Go to the line in the entries below that holds "Digital firm Website Design" and repeat exactly from there through the line that holds "Ruben Rojas x", inclusive.

--- Records for this exercise Enclosed Below ---

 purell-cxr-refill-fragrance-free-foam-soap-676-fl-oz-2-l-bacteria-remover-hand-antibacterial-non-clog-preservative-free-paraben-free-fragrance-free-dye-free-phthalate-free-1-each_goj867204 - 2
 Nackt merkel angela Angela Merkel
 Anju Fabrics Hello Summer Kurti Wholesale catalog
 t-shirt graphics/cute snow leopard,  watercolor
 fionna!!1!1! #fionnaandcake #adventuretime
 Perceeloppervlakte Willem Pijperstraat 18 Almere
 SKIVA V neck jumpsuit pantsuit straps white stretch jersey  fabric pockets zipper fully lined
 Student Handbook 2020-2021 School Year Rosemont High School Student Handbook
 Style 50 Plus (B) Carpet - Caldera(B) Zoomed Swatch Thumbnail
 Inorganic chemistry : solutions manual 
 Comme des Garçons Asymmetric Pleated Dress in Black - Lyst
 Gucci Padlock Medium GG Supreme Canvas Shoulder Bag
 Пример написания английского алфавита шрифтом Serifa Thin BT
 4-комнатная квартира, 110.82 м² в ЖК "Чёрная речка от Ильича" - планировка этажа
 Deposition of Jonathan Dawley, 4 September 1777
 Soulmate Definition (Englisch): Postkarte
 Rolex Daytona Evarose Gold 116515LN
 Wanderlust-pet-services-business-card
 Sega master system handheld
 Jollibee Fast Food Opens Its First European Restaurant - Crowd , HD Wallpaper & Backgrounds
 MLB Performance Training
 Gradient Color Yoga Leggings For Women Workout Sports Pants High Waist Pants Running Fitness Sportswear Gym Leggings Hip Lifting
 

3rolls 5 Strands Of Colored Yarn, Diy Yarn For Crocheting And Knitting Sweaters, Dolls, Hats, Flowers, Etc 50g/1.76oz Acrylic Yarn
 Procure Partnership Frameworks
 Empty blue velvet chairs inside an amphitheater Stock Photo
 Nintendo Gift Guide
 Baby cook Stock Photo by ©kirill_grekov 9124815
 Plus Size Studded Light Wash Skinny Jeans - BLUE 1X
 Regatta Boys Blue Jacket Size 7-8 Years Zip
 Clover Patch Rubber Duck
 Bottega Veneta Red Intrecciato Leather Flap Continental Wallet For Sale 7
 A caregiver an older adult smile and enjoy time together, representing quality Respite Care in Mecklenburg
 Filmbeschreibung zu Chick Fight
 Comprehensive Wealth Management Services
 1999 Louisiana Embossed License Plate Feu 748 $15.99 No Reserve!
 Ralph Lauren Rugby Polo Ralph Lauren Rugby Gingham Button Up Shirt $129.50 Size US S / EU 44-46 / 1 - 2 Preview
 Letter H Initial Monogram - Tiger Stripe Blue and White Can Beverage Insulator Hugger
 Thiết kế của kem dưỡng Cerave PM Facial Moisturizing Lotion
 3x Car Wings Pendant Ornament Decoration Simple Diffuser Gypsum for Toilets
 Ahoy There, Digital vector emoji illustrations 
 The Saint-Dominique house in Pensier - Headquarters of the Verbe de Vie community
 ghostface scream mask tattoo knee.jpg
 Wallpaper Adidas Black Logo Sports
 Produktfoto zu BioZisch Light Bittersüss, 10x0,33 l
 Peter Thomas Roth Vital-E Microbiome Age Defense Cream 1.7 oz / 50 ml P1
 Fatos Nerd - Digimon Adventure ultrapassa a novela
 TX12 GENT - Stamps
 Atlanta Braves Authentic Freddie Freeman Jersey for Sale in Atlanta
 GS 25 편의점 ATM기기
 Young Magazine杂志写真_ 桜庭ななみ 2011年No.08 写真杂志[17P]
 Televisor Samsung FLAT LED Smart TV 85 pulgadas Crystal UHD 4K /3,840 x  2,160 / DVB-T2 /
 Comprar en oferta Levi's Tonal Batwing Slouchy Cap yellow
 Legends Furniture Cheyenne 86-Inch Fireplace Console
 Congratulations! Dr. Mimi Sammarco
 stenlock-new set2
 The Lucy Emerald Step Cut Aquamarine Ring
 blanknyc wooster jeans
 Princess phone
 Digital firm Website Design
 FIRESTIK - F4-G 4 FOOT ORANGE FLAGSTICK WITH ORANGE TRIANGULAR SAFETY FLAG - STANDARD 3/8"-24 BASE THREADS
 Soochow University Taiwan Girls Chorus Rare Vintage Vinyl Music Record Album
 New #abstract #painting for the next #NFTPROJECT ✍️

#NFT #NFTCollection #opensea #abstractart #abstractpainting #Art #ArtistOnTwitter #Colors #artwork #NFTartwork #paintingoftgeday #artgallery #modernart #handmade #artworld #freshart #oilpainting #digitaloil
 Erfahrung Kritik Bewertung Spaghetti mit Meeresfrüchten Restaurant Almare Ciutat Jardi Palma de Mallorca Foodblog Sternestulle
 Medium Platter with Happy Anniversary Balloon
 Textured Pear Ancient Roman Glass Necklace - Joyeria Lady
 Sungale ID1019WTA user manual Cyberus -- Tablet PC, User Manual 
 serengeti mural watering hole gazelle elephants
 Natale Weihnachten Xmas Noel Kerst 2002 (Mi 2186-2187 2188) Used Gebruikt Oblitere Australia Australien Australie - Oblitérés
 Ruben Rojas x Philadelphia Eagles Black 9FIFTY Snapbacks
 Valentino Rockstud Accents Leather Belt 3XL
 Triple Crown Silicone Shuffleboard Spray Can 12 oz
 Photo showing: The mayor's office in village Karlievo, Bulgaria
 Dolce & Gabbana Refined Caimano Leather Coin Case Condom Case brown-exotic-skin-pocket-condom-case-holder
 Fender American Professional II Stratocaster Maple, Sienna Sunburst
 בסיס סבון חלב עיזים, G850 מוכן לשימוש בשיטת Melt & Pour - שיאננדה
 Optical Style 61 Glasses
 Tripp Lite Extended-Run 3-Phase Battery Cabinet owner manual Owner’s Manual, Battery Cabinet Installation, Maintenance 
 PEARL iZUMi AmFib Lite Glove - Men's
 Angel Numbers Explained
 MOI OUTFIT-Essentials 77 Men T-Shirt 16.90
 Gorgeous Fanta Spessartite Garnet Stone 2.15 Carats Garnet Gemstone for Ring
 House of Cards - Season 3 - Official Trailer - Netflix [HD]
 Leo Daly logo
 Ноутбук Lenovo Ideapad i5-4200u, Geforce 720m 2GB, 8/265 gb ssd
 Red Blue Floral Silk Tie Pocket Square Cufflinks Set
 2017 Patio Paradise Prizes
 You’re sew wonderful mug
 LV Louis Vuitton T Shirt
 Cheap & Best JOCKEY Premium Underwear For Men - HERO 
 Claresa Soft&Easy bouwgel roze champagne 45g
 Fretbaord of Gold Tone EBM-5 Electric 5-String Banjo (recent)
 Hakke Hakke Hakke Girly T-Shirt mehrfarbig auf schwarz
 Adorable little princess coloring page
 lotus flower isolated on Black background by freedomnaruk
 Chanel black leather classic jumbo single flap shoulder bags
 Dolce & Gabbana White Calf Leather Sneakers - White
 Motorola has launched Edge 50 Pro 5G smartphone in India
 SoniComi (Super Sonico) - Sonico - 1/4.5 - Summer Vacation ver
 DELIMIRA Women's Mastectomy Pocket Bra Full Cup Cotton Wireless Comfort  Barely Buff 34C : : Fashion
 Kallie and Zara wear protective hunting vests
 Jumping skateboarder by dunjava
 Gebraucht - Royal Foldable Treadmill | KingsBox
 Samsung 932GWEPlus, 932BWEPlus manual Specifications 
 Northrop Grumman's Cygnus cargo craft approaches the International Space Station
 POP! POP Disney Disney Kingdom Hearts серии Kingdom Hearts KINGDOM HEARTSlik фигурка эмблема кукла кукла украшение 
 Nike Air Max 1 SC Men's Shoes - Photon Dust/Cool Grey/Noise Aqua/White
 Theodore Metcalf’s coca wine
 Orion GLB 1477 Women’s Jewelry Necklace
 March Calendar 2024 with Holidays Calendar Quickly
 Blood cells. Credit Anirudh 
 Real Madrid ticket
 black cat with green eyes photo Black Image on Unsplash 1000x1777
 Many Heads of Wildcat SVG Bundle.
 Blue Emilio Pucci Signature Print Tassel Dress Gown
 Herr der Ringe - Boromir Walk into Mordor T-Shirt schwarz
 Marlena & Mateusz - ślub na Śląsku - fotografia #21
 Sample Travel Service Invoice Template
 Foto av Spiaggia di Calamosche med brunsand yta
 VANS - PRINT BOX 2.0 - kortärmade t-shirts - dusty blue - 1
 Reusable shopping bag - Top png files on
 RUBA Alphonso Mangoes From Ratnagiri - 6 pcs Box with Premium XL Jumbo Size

--- End of Enclosed Records for this exercise ---

> _Solution to the problem_
 Digital firm Website Design
 FIRESTIK - F4-G 4 FOOT ORANGE FLAGSTICK WITH ORANGE TRIANGULAR SAFETY FLAG - STANDARD 3/8"-24 BASE THREADS
 Soochow University Taiwan Girls Chorus Rare Vintage Vinyl Music Record Album
 New #abstract #painting for the next #NFTPROJECT ✍️

#NFT #NFTCollection #opensea #abstractart #abstractpainting #Art #ArtistOnTwitter #Colors #artwork #NFTartwork #paintingoftgeday #artgallery #modernart #handmade #artworld #freshart #oilpainting #digitaloil
 Erfahrung Kritik Bewertung Spaghetti mit Meeresfrüchten Restaurant Almare Ciutat Jardi Palma de Mallorca Foodblog Sternestulle
 Medium Platter with Happy Anniversary Balloon
 Textured Pear Ancient Roman Glass Necklace - Joyeria Lady
 Sungale ID1019WTA user manual Cyberus -- Tablet PC, User Manual 
 serengeti mural watering hole gazelle elephants
 Natale Weihnachten Xmas Noel Kerst 2002 (Mi 2186-2187 2188) Used Gebruikt Oblitere Australia Australien Australie - Oblitérés
 Ruben Rojas x Philadelphia Eagles Black 9FIFTY Snapbacks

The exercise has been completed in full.